OpenRefine reconciler
What is OpenRefine
OpenRefine (formerly Google Refine) is a free, open source desktop tool for cleaning up messy data stored in common formats like CSV, JSON, XML, XLS. You can even connect to SQL-based databases and Google Sheets. OpenRefine is a popular tool for tasks like normalizing text values in a dataset because it has a simple user interface and doesn't require coding.
How does ROR integrate with OpenRefine?
OpenRefine integrates with many external services that support the W3C Reconciliation Service API protocol for matching data on the Web, including ROR.
We've built a reconciliation API extension - the ROR OpenRefine Reconciler - that allows matching organization names in an OpenRefine project to ROR IDs using the ROR REST API, but with no coding needed!
Note that the ROR OpenRefine Reconciler matches names to ROR records with a status of active
only. ROR records with a status of inactive
or withdrawn
will not be displayed as possible matches.

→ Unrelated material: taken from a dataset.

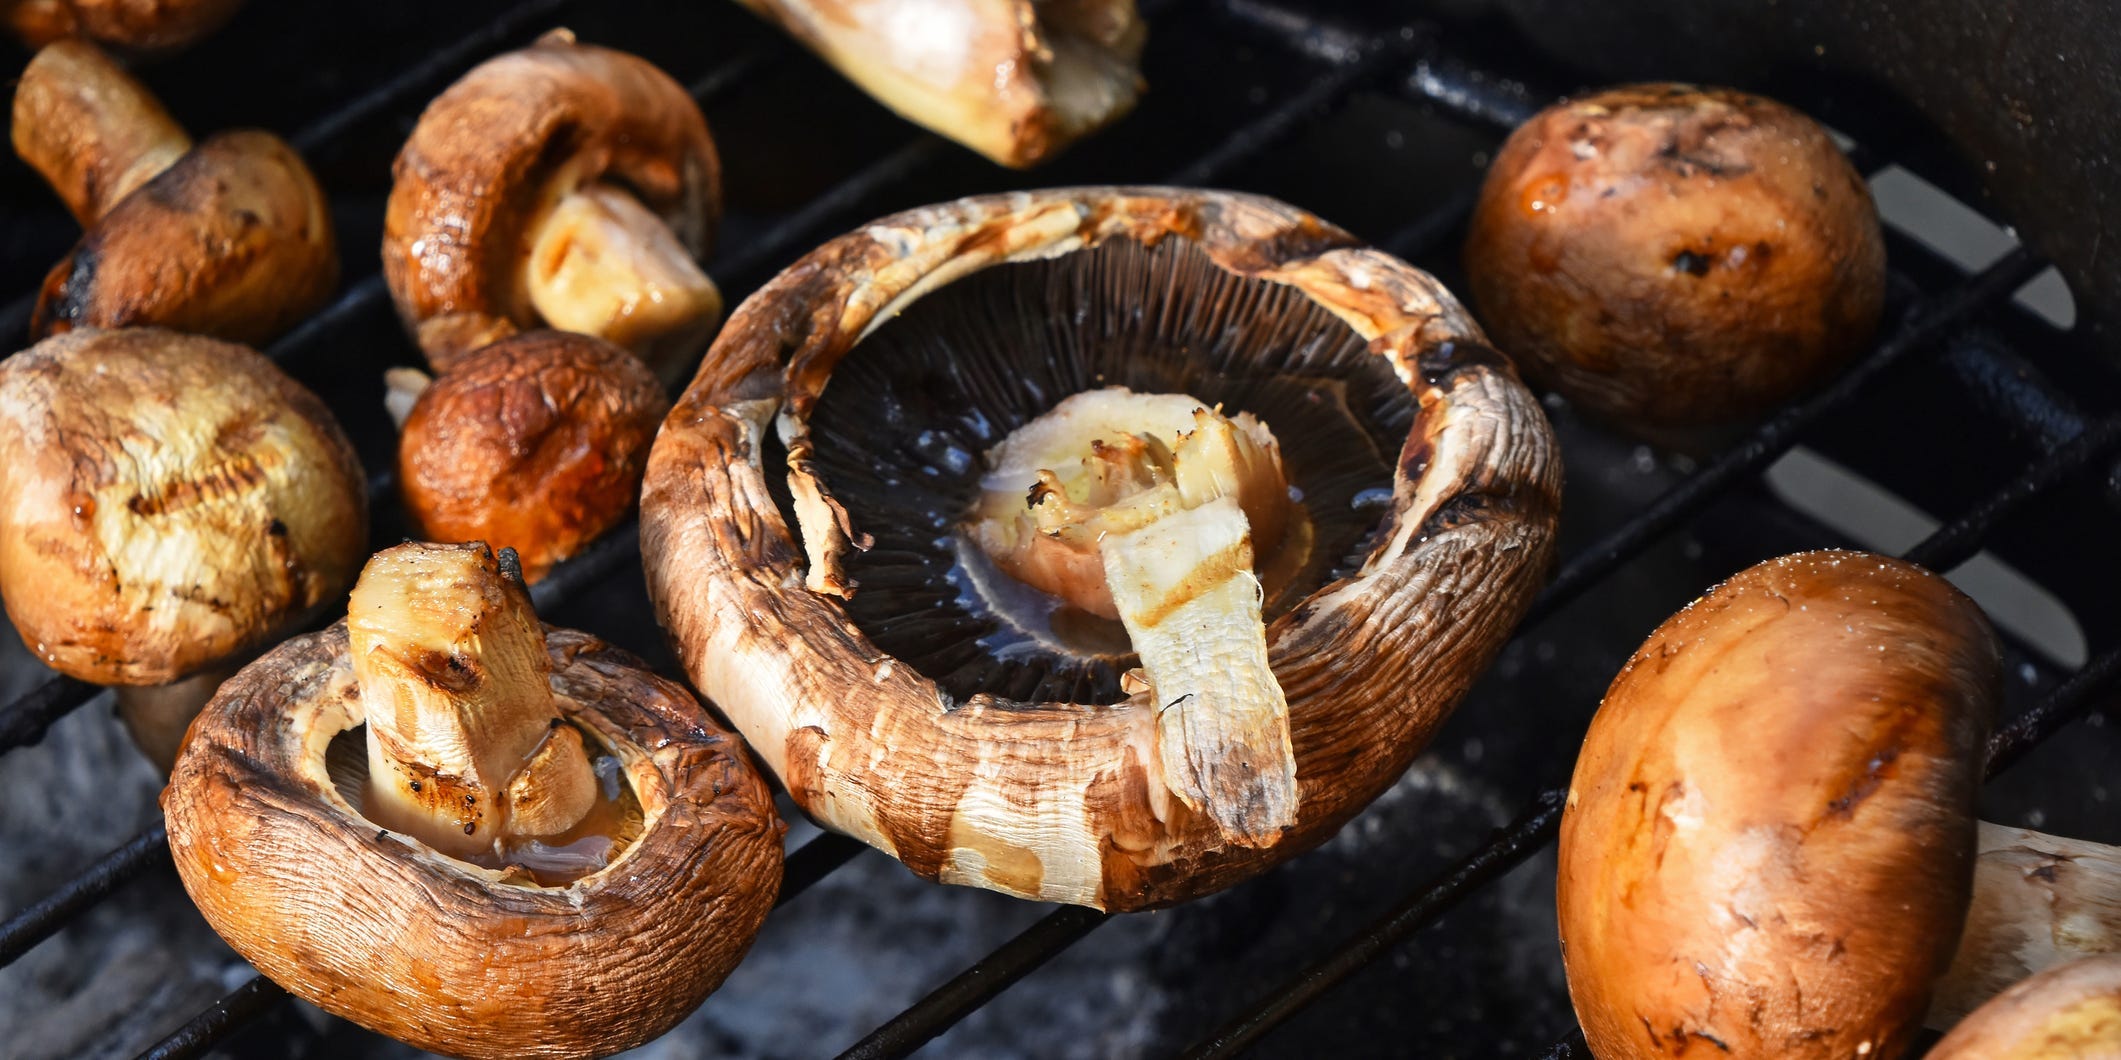 Grilled mushrooms

What use cases is this tool best for?
The Reconciler requires manually confirming matches between organization names and ROR IDs, so it's useful for cases where you have a relatively small number of organizations names (up to hundreds or perhaps several thousand, if you have time and patience).
For large organization lists with many thousands of records, we recommend using the REST API or data dump, but this will require some coding. See our guide Match organization names to ROR IDs for tips and code examples.
Using the ROR OpenRefine Reconciler
Prerequisites
-
Download and install OpenRefine on your computer
-
Create a project by importing data that contains a column with organization names
Usage instructions
- Click the arrow beside the heading of the organization names column and choose Reconcile > Start reconciling...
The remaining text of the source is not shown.